• [INFORMATION SUPPLIED]
————————

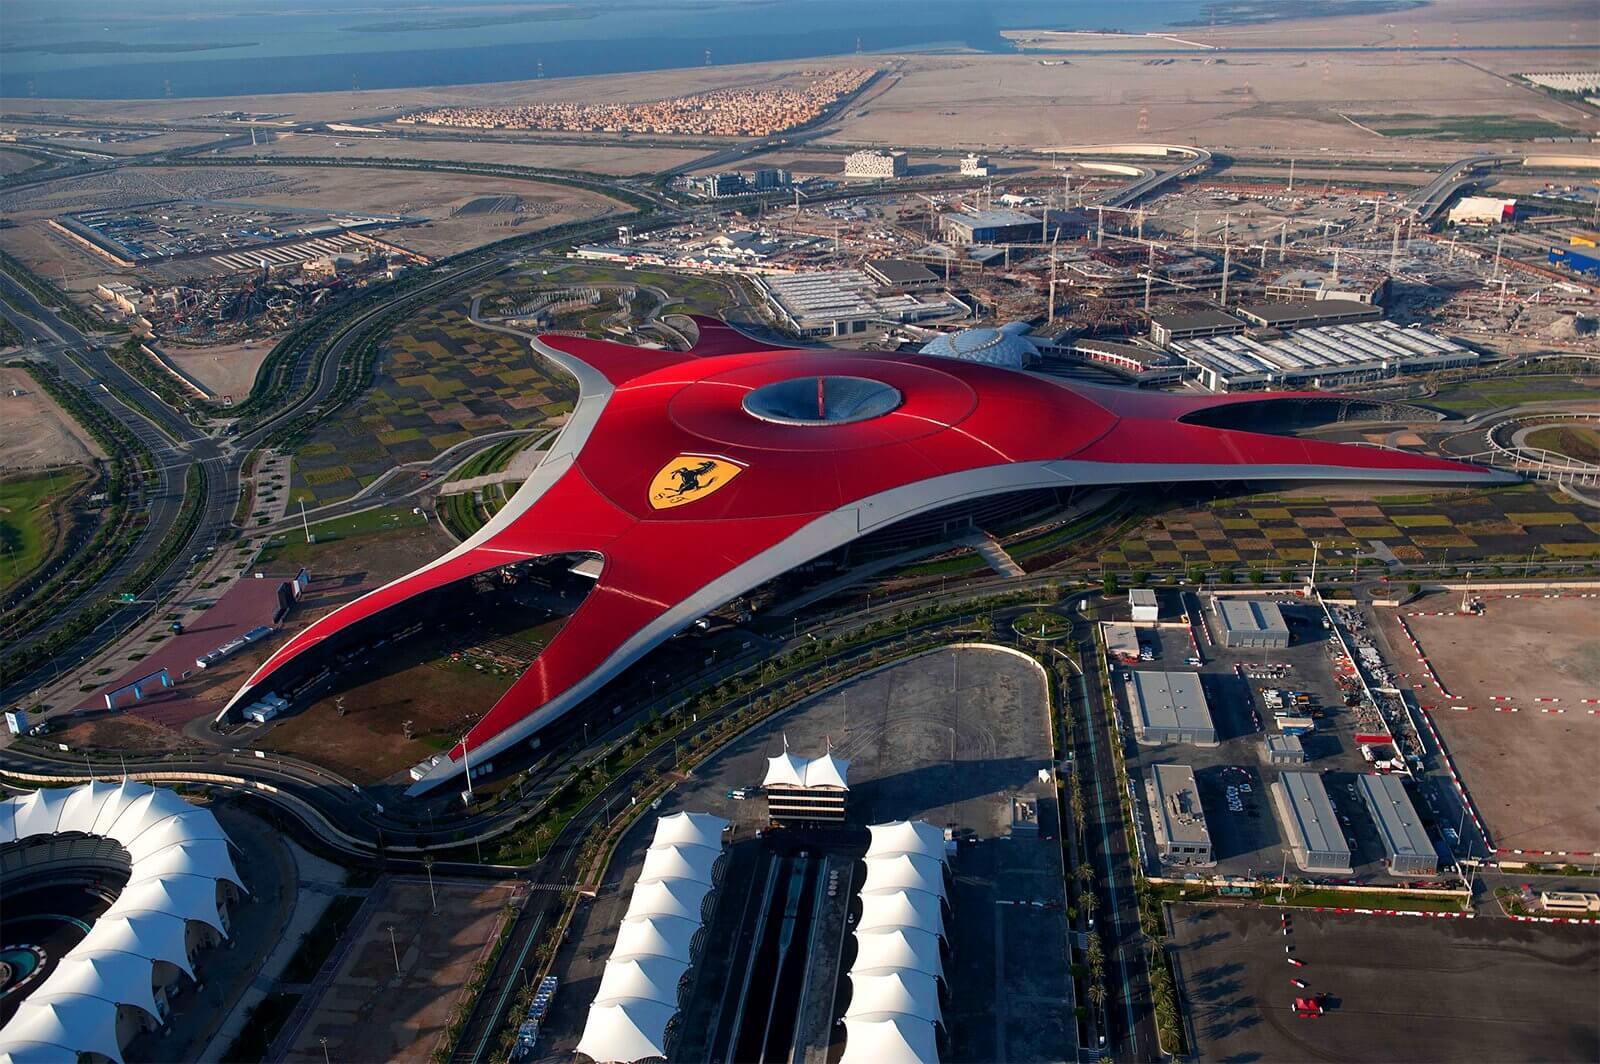 Парк развлечений Ferrari World
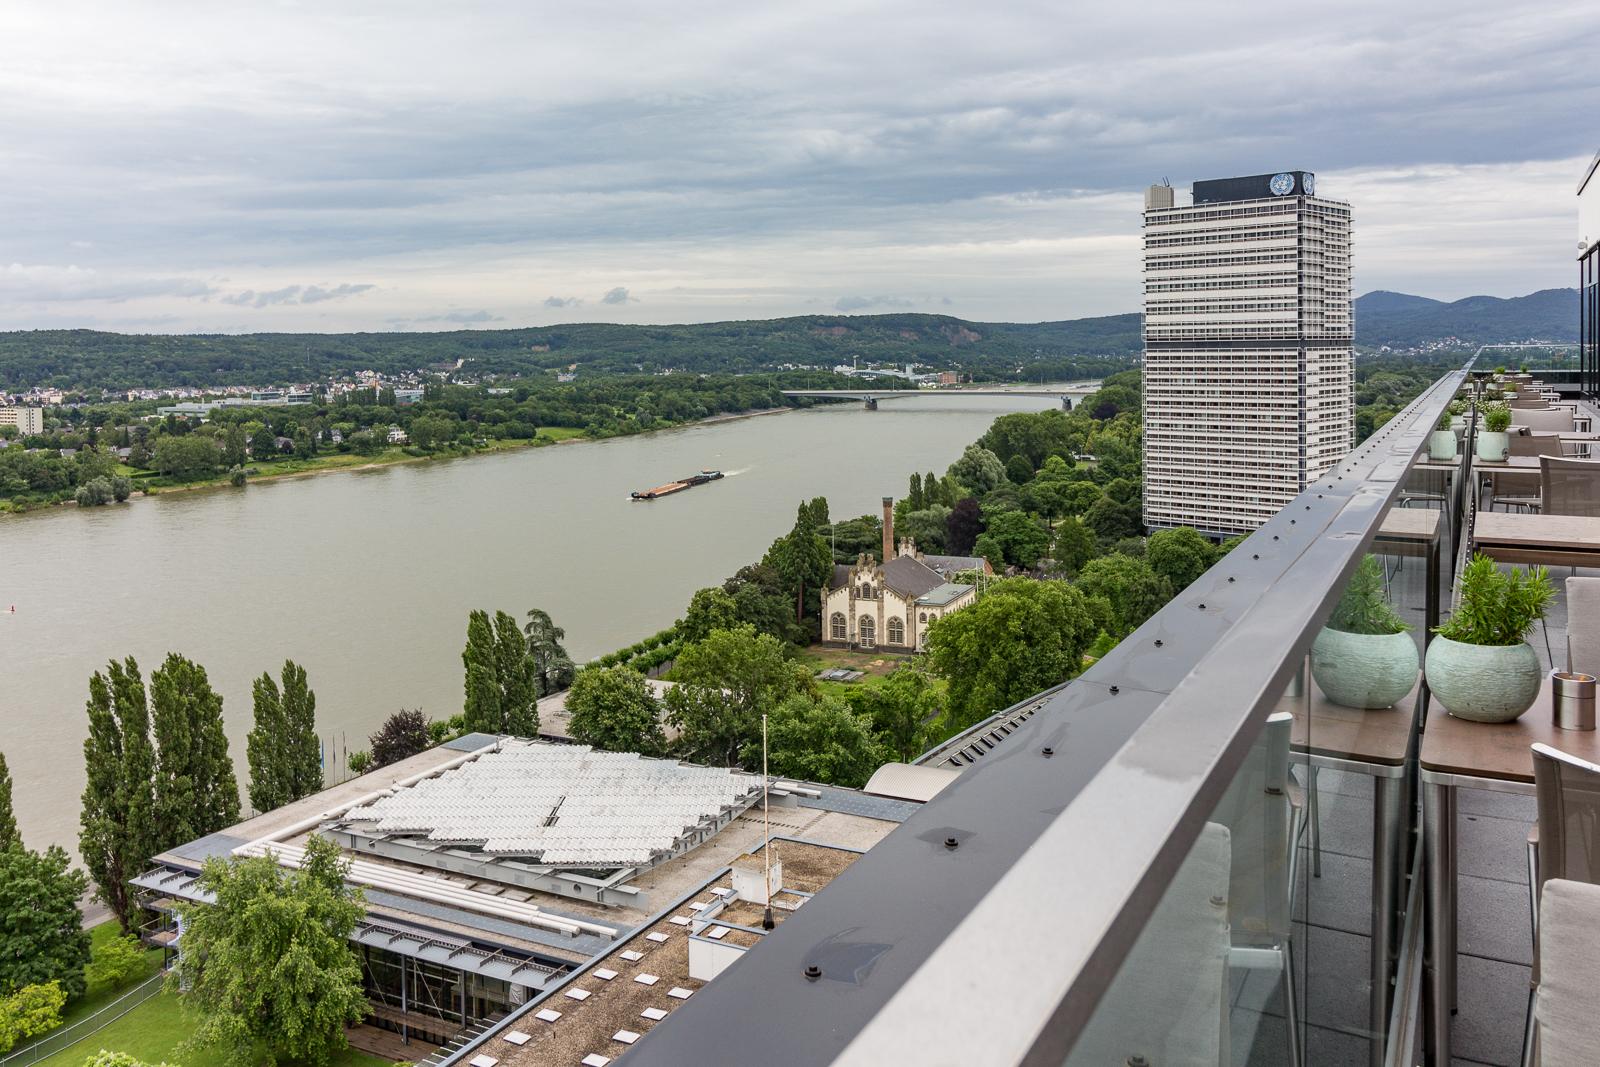 #Rheingenuss, Rhein, Bonn, Marriott
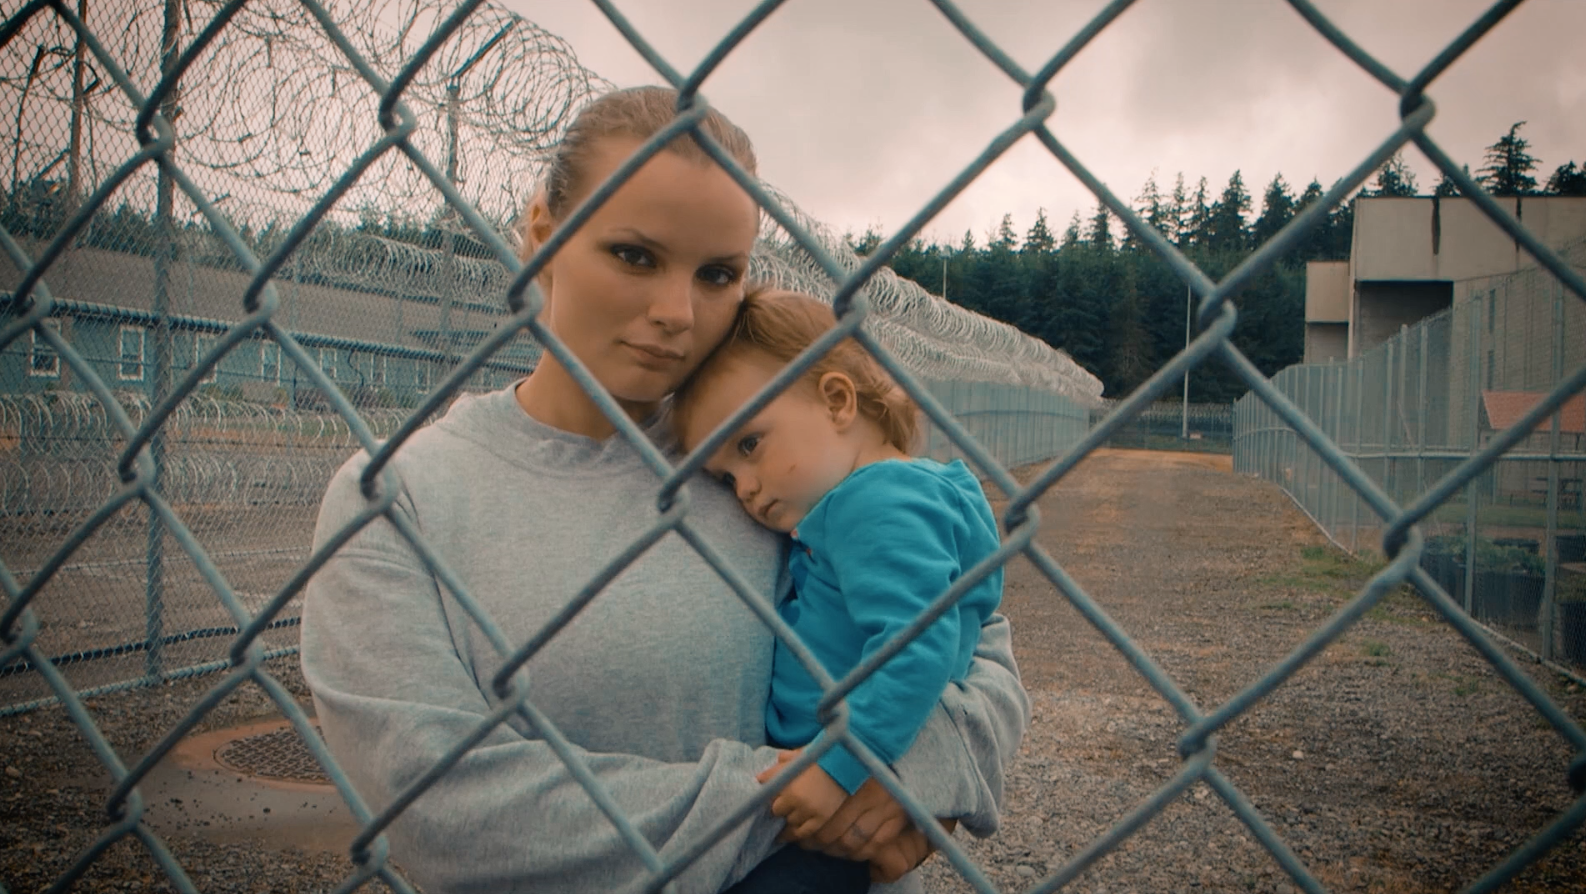 kids behind bars.jpeg

————————

• [PROBLEM]
Print out all the material above exactly as it appears, omitting the images.

• [SOLUTION TO THIS TASK]
 Парк развлечений Ferrari World
 #Rheingenuss, Rhein, Bonn, Marriott
 kids behind bars.jpeg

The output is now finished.